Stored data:
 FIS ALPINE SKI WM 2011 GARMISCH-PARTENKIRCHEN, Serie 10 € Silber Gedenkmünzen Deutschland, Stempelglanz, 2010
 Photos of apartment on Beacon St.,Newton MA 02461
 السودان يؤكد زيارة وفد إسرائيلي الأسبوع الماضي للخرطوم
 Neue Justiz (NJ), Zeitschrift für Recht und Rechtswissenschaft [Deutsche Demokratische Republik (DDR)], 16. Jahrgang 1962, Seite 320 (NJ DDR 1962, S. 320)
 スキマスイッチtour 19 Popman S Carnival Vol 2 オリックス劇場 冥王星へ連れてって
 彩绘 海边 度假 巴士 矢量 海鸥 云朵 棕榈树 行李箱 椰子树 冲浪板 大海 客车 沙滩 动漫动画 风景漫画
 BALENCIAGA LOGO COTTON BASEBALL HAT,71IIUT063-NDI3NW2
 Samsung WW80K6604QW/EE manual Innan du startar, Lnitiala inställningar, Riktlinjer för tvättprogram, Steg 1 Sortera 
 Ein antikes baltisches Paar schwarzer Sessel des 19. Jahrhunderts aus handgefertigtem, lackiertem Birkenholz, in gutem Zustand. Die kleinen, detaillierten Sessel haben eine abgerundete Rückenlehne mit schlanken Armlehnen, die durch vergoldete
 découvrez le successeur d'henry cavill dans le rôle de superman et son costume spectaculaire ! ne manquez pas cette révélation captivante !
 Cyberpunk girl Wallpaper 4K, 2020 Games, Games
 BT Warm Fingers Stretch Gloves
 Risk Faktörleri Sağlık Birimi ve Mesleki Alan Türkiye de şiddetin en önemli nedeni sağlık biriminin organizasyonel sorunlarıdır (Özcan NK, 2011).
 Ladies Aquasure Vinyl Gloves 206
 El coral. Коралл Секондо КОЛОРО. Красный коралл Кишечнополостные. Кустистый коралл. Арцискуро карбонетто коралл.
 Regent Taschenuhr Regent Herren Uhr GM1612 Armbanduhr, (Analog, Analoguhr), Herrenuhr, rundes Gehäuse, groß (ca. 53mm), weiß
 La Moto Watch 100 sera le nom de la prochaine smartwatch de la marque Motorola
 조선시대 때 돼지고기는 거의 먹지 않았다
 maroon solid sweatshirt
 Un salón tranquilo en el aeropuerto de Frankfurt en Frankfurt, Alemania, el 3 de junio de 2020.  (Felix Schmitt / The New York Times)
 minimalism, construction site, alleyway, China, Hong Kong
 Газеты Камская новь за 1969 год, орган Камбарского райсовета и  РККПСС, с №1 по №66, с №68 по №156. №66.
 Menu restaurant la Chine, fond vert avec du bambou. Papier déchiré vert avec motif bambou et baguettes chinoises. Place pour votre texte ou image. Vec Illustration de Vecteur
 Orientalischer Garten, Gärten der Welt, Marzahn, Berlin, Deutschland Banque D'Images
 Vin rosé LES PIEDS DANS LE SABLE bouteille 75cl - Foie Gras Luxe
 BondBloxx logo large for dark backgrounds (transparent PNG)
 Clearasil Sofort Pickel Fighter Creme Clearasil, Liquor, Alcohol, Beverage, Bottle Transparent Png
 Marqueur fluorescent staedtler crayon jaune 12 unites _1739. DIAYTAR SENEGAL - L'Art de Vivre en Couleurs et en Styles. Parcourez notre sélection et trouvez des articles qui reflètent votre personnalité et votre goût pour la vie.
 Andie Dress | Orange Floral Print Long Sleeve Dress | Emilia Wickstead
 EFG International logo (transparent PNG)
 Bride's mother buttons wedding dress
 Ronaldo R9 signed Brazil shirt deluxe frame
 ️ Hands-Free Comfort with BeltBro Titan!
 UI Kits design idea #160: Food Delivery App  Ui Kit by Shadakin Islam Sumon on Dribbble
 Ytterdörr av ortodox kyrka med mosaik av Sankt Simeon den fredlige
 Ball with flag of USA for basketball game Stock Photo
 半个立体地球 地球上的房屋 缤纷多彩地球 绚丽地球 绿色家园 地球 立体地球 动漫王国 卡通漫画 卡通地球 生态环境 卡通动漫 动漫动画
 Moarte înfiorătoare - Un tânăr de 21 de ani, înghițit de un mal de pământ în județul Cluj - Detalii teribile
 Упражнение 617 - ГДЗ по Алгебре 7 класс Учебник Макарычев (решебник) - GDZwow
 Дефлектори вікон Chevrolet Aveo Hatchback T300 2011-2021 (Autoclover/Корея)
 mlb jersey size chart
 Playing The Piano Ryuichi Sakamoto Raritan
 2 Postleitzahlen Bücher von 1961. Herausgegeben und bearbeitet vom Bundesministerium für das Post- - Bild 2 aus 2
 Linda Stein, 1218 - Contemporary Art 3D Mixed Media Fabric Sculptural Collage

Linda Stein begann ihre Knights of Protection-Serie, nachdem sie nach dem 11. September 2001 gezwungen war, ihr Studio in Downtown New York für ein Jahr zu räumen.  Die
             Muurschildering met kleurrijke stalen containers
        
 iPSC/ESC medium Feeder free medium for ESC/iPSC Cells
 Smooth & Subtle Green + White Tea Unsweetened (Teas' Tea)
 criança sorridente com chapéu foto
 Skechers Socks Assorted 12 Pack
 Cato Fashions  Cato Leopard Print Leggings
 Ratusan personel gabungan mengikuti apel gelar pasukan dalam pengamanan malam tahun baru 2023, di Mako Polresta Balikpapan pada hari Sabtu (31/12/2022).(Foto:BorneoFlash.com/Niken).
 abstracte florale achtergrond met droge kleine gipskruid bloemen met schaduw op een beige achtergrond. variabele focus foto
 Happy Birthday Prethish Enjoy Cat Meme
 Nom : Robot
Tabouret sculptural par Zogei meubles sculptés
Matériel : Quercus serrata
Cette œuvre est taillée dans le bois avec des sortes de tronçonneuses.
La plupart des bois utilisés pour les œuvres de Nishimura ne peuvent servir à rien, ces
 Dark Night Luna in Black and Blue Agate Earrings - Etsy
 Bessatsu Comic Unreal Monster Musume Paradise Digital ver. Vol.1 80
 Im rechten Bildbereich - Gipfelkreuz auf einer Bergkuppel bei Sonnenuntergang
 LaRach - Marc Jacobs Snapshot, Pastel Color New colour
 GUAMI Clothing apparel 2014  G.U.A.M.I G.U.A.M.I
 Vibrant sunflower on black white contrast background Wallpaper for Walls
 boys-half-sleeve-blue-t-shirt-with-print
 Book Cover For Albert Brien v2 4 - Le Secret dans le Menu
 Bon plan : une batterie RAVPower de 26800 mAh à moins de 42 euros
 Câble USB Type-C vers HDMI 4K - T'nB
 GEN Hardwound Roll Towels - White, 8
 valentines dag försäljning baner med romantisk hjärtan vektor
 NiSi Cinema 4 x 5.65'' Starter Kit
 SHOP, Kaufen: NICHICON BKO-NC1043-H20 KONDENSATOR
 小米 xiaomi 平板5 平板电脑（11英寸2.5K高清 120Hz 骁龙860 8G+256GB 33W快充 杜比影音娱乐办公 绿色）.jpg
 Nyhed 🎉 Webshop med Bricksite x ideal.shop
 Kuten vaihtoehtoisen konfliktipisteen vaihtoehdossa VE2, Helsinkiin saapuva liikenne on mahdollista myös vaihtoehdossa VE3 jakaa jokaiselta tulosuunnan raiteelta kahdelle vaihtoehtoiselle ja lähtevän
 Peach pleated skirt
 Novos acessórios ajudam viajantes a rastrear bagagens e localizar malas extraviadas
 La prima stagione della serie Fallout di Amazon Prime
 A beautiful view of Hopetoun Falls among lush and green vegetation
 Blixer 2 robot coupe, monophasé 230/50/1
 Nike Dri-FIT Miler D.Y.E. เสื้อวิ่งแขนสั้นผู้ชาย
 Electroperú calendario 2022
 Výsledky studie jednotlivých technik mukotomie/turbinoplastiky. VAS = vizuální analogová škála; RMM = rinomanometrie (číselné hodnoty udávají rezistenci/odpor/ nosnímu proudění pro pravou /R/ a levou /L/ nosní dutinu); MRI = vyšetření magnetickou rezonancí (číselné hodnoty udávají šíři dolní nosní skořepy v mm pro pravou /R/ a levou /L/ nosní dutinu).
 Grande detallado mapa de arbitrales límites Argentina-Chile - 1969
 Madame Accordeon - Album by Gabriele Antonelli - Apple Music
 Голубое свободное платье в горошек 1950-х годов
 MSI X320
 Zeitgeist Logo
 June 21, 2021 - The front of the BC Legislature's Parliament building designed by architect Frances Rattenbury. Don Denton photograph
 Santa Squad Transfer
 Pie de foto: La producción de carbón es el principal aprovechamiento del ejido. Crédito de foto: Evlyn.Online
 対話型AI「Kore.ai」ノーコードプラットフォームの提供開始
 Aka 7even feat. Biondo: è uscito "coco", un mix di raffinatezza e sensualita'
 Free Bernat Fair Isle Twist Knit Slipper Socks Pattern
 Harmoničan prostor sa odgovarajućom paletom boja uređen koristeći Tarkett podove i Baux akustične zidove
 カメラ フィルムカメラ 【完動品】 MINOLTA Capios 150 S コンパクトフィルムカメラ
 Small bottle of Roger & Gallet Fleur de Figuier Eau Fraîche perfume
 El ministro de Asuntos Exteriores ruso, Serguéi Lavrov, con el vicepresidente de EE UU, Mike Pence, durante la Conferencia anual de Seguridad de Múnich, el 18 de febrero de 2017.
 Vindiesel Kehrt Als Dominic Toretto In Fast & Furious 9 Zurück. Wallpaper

Exercise brief:
Among the entries above, copy exactly only the lines starting with the one containing "Ball with flag" and going through the one containing "Playing The Piano Ryuichi Sakamoto Raritan", both ends included.

Exercise result:
 Ball with flag of USA for basketball game Stock Photo
 半个立体地球 地球上的房屋 缤纷多彩地球 绚丽地球 绿色家园 地球 立体地球 动漫王国 卡通漫画 卡通地球 生态环境 卡通动漫 动漫动画
 Moarte înfiorătoare - Un tânăr de 21 de ani, înghițit de un mal de pământ în județul Cluj - Detalii teribile
 Упражнение 617 - ГДЗ по Алгебре 7 класс Учебник Макарычев (решебник) - GDZwow
 Дефлектори вікон Chevrolet Aveo Hatchback T300 2011-2021 (Autoclover/Корея)
 mlb jersey size chart
 Playing The Piano Ryuichi Sakamoto Raritan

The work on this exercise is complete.